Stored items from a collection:

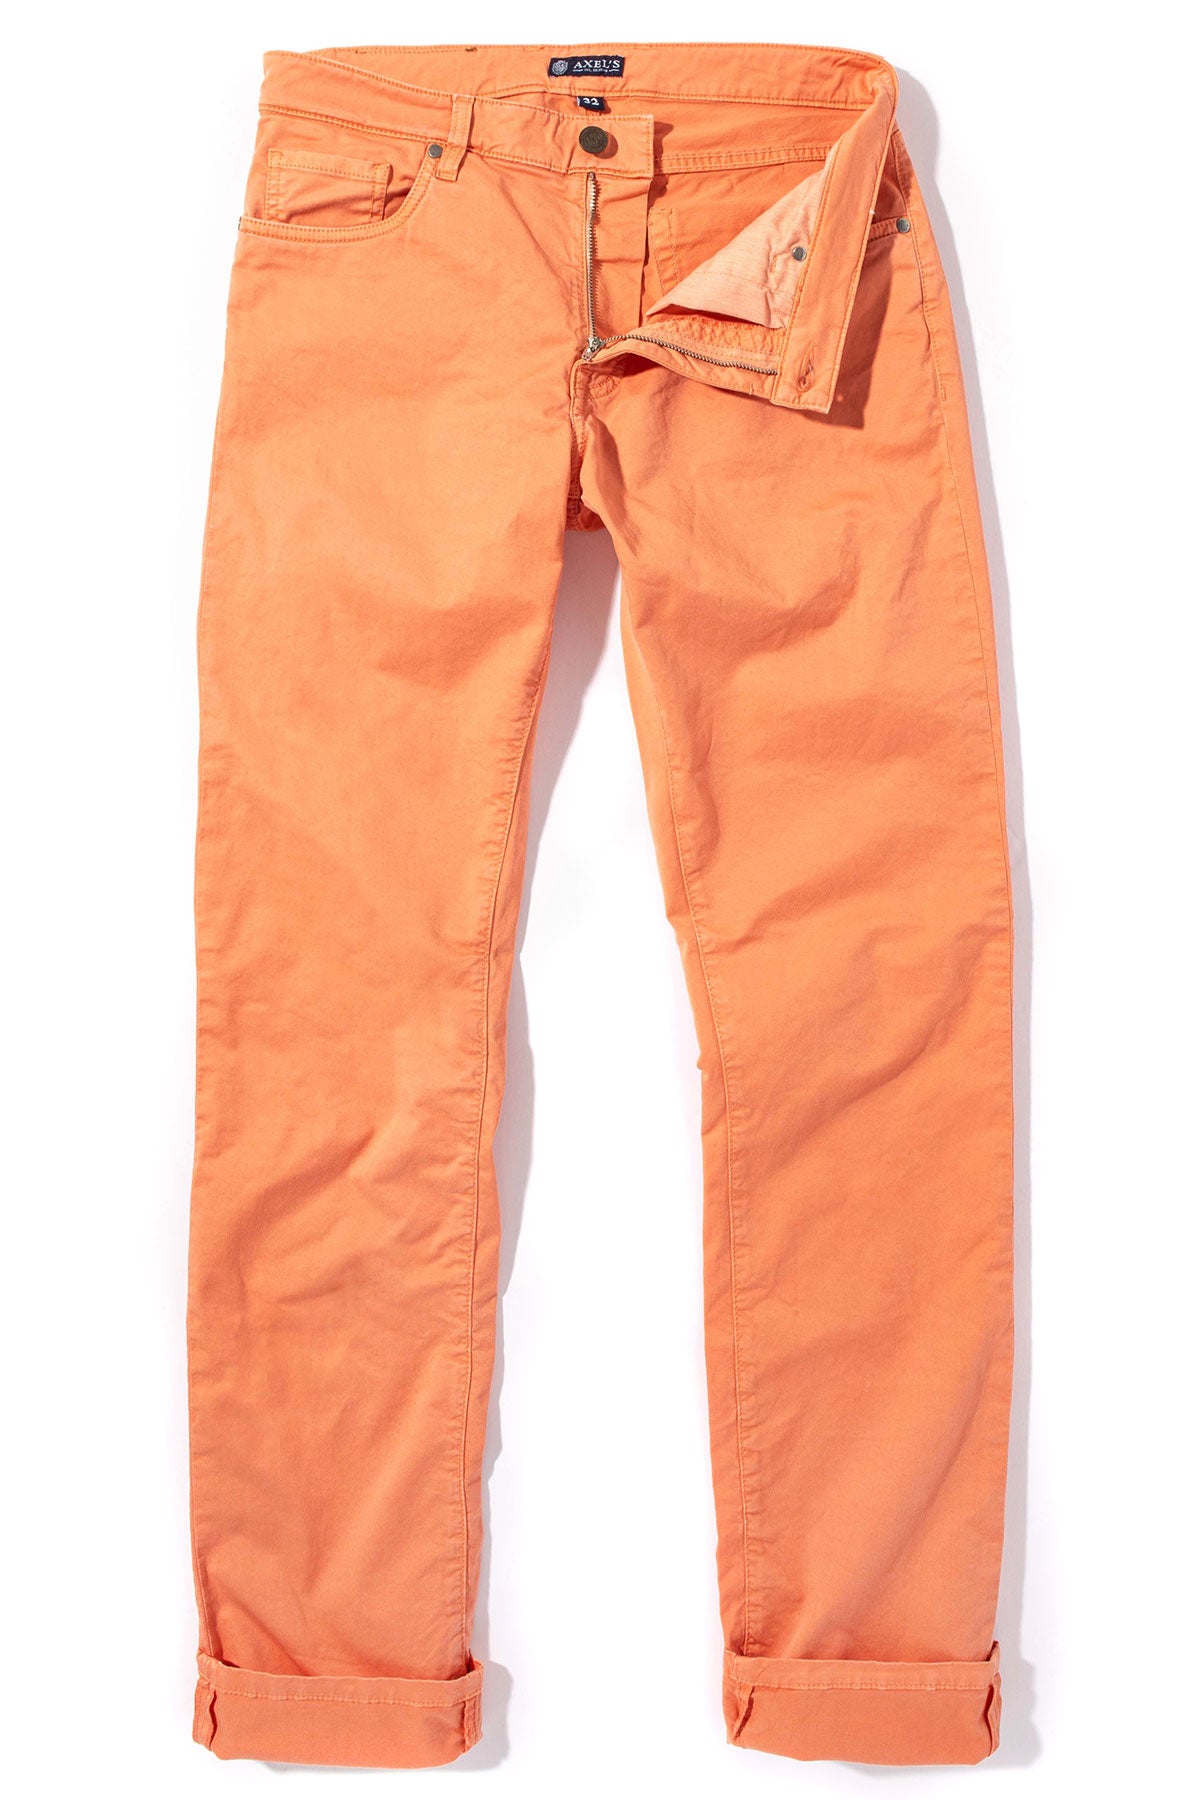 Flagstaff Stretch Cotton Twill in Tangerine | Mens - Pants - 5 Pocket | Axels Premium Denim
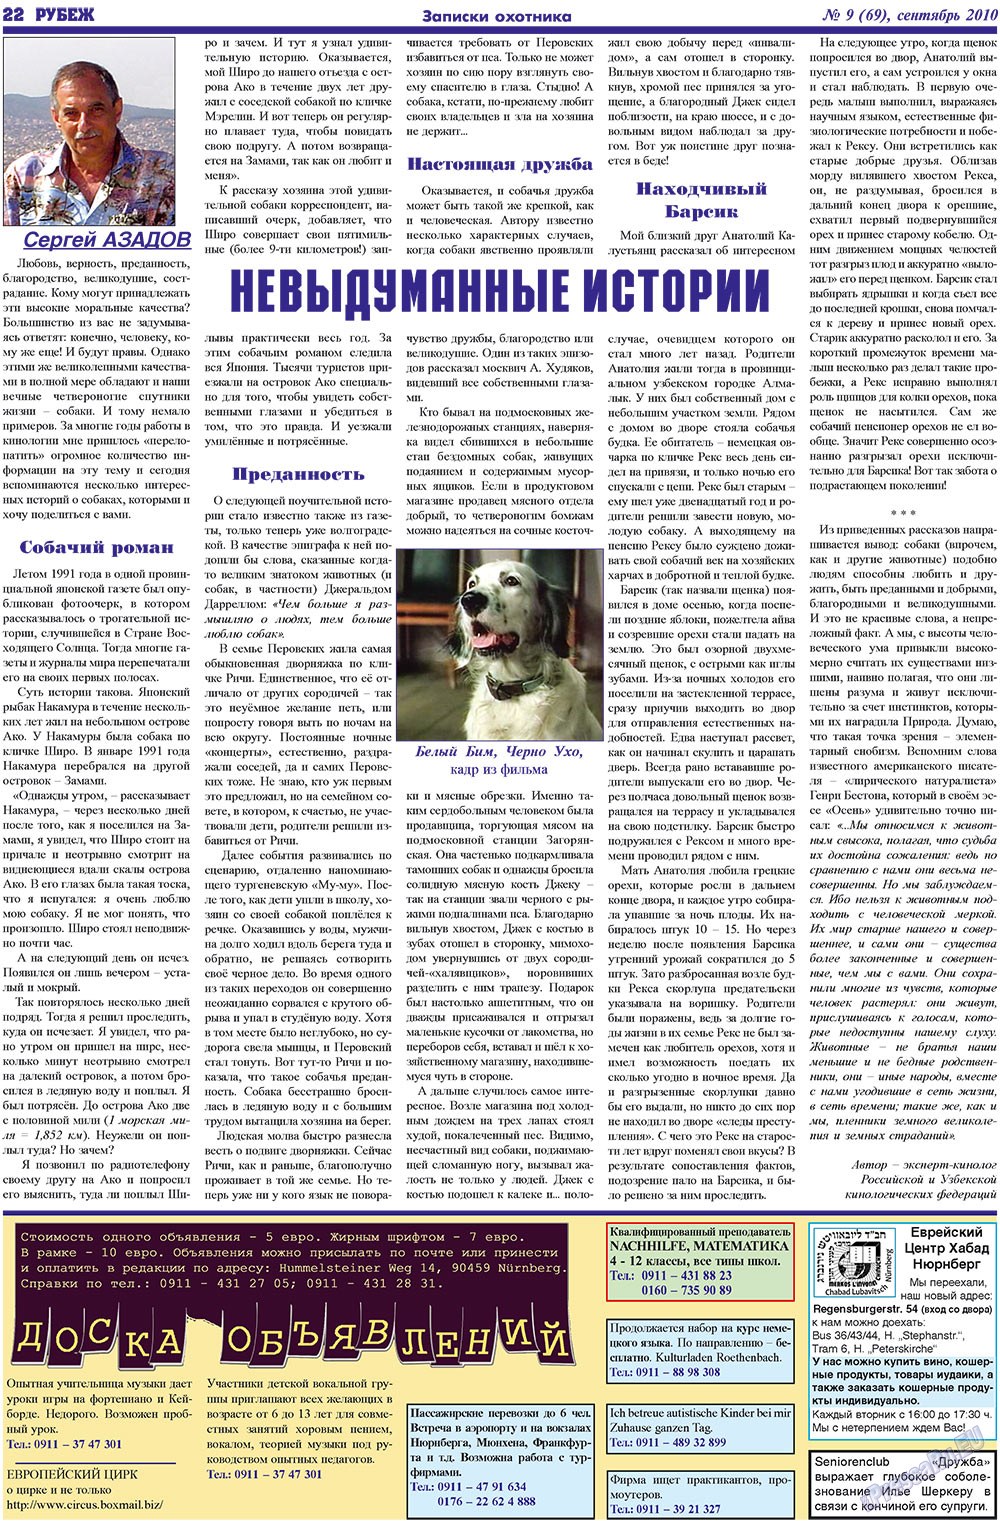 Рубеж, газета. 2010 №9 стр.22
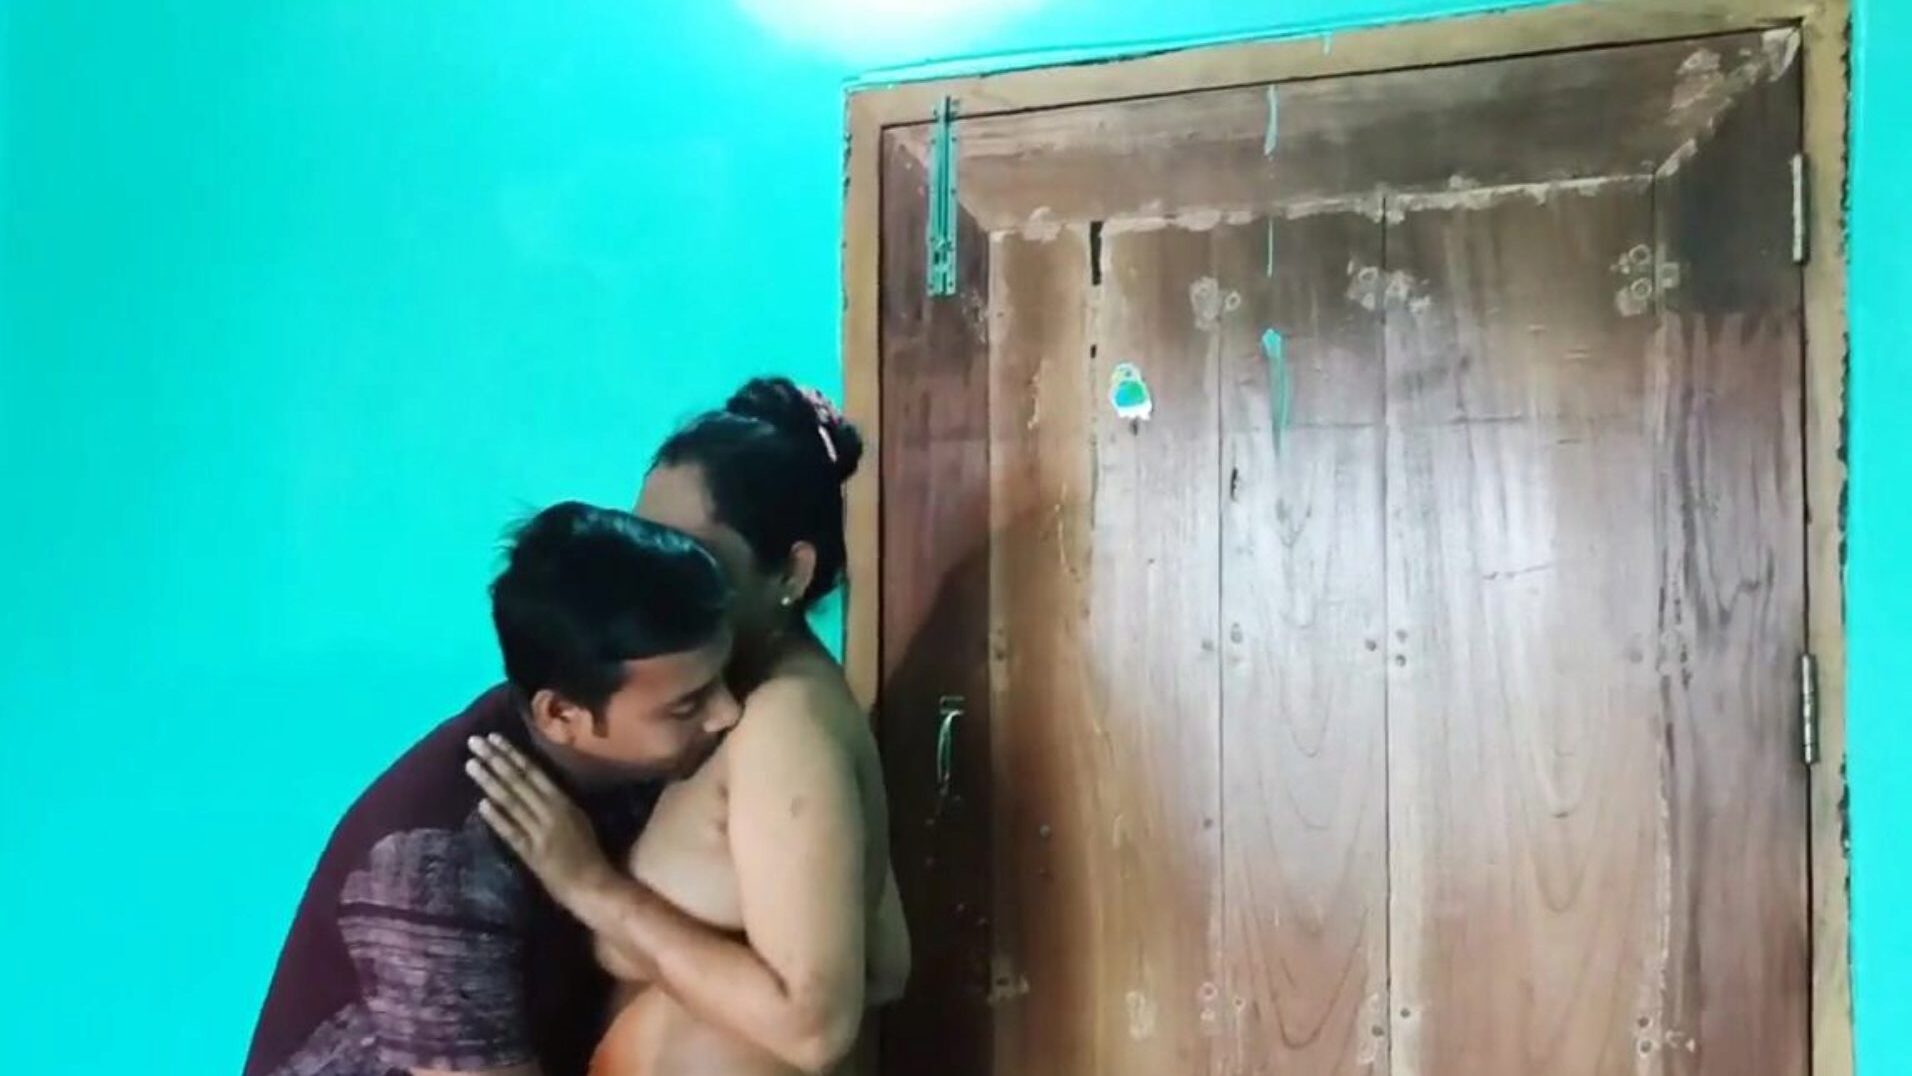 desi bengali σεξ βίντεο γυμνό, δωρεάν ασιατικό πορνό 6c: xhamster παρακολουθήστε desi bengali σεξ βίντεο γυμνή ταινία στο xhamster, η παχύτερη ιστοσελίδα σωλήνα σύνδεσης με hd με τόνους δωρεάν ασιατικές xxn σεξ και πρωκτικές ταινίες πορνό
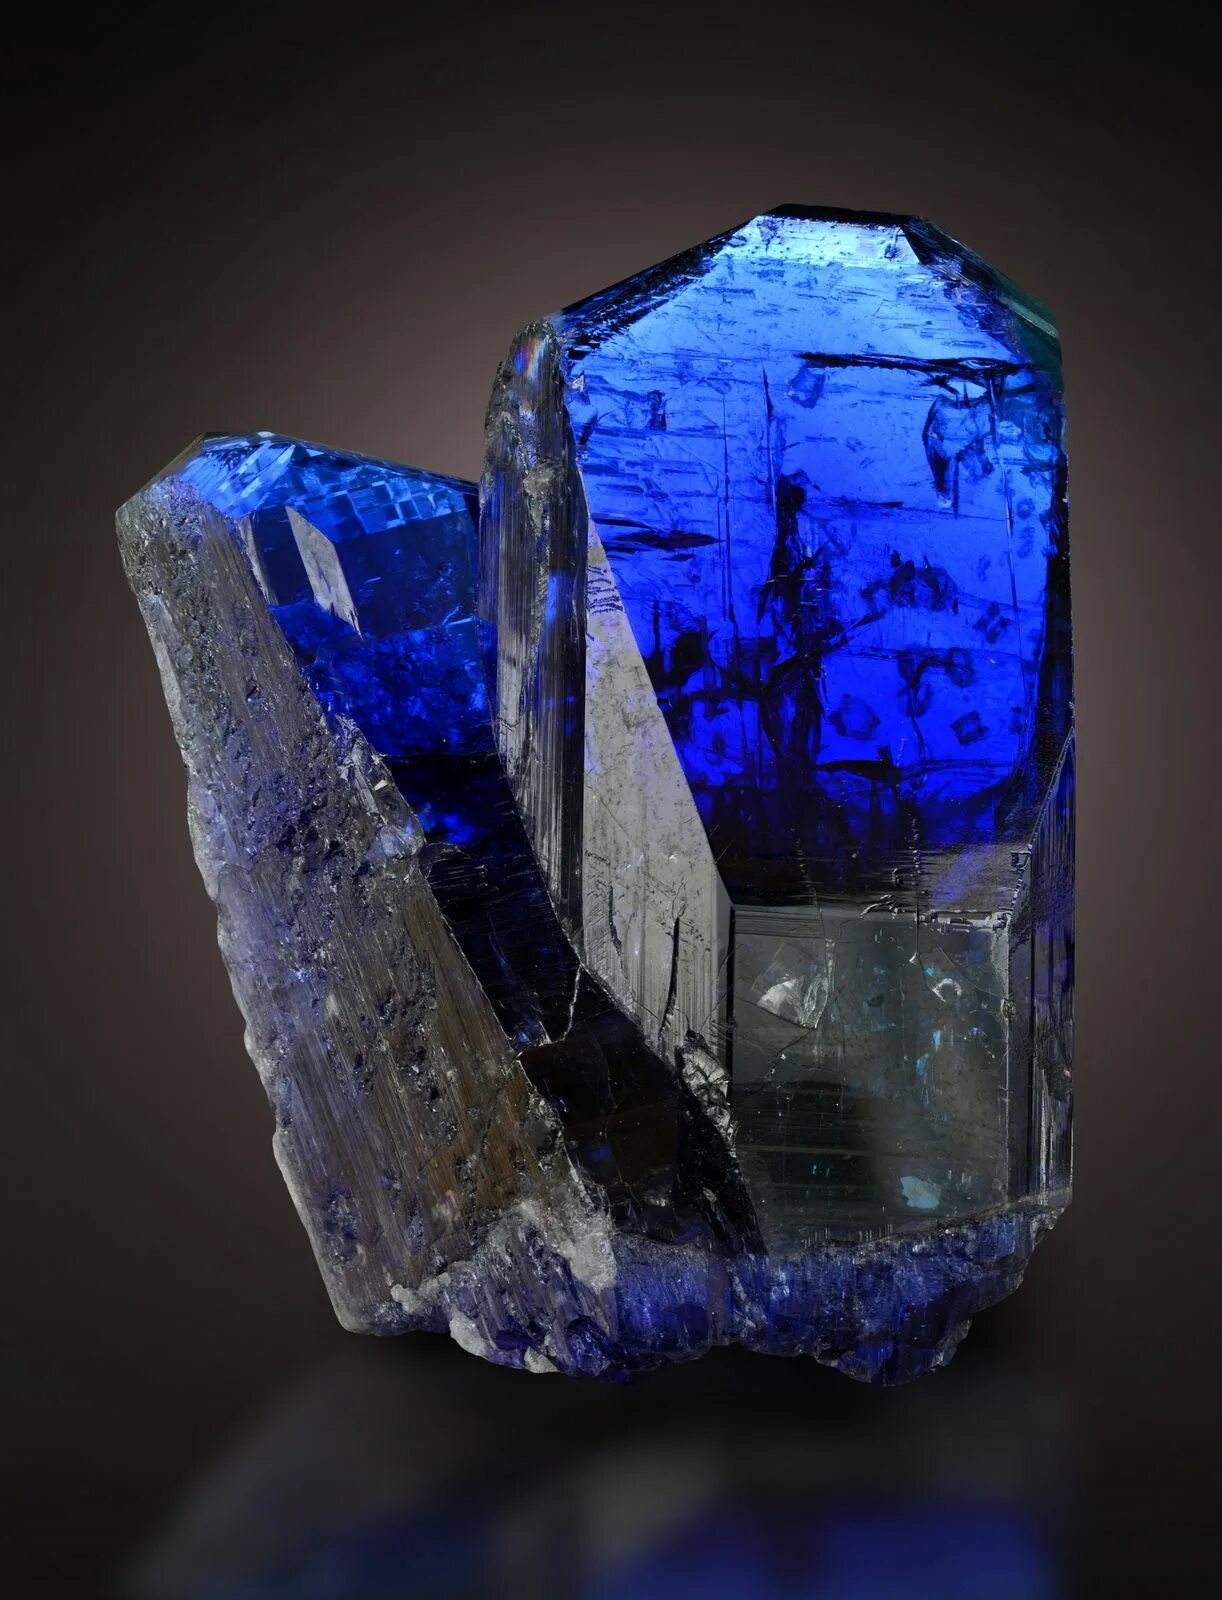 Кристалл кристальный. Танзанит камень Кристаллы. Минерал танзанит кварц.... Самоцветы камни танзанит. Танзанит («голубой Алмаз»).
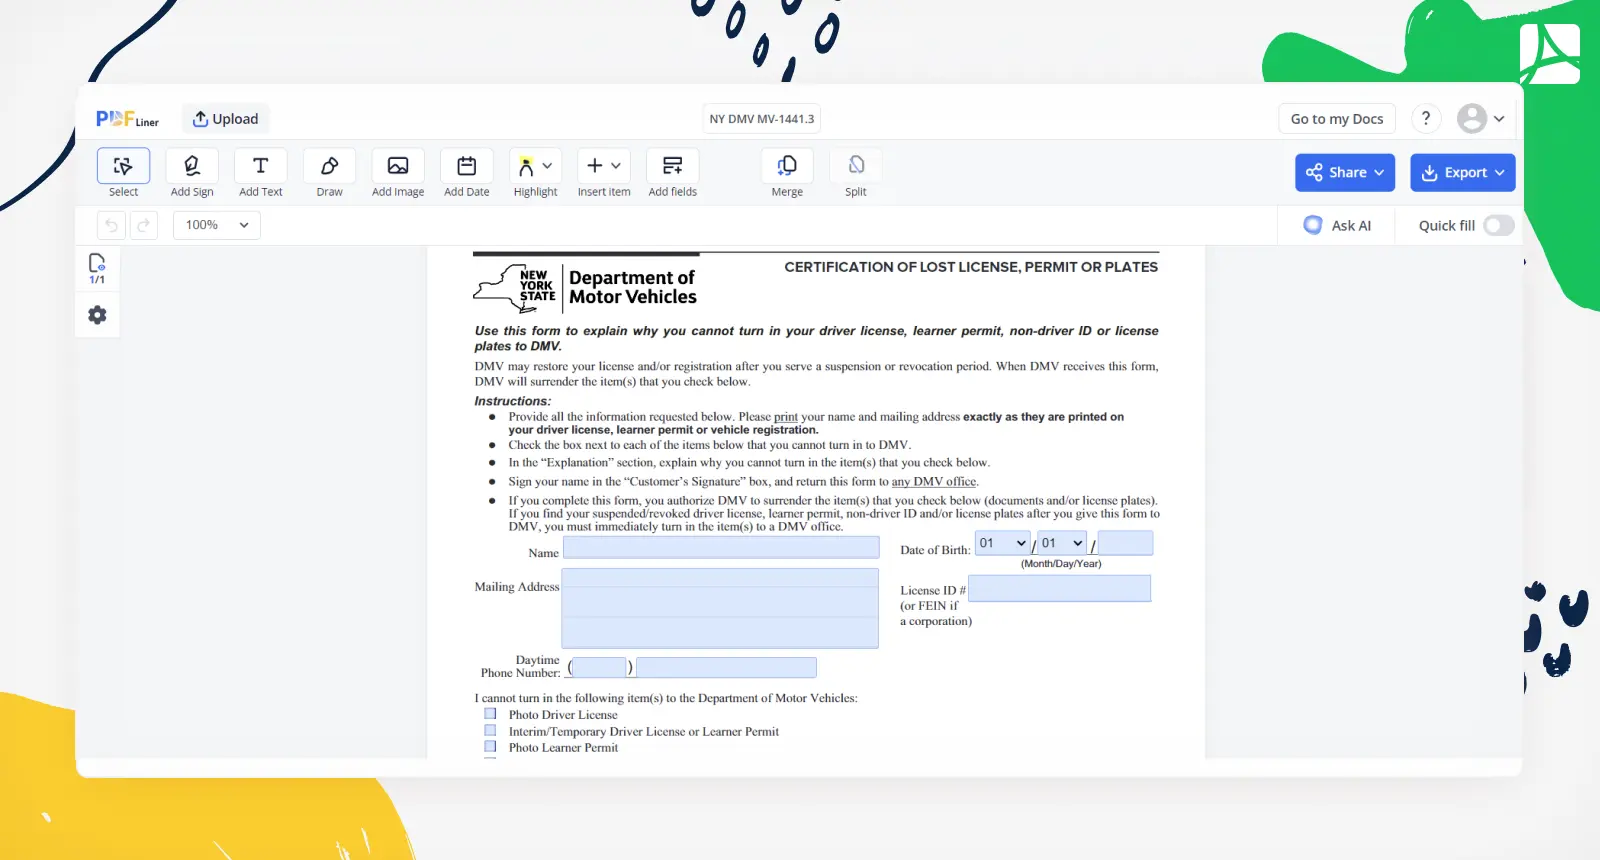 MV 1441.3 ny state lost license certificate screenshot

WHAT IS BEING ASKED
When you set down the records above, copy every line exactly and exclude the pictures.

REPLY TO THE TASK
 Flagstaff Stretch Cotton Twill in Tangerine | Mens - Pants - 5 Pocket | Axels Premium Denim
 Рубеж, газета. 2010 №9 стр.22
 desi bengali σεξ βίντεο γυμνό, δωρεάν ασιατικό πορνό 6c: xhamster παρακολουθήστε desi bengali σεξ βίντεο γυμνή ταινία στο xhamster, η παχύτερη ιστοσελίδα σωλήνα σύνδεσης με hd με τόνους δωρεάν ασιατικές xxn σεξ και πρωκτικές ταινίες πορνό
 Кристалл кристальный. Танзанит камень Кристаллы. Минерал танзанит кварц.... Самоцветы камни танзанит. Танзанит («голубой Алмаз»).
 MV 1441.3 ny state lost license certificate screenshot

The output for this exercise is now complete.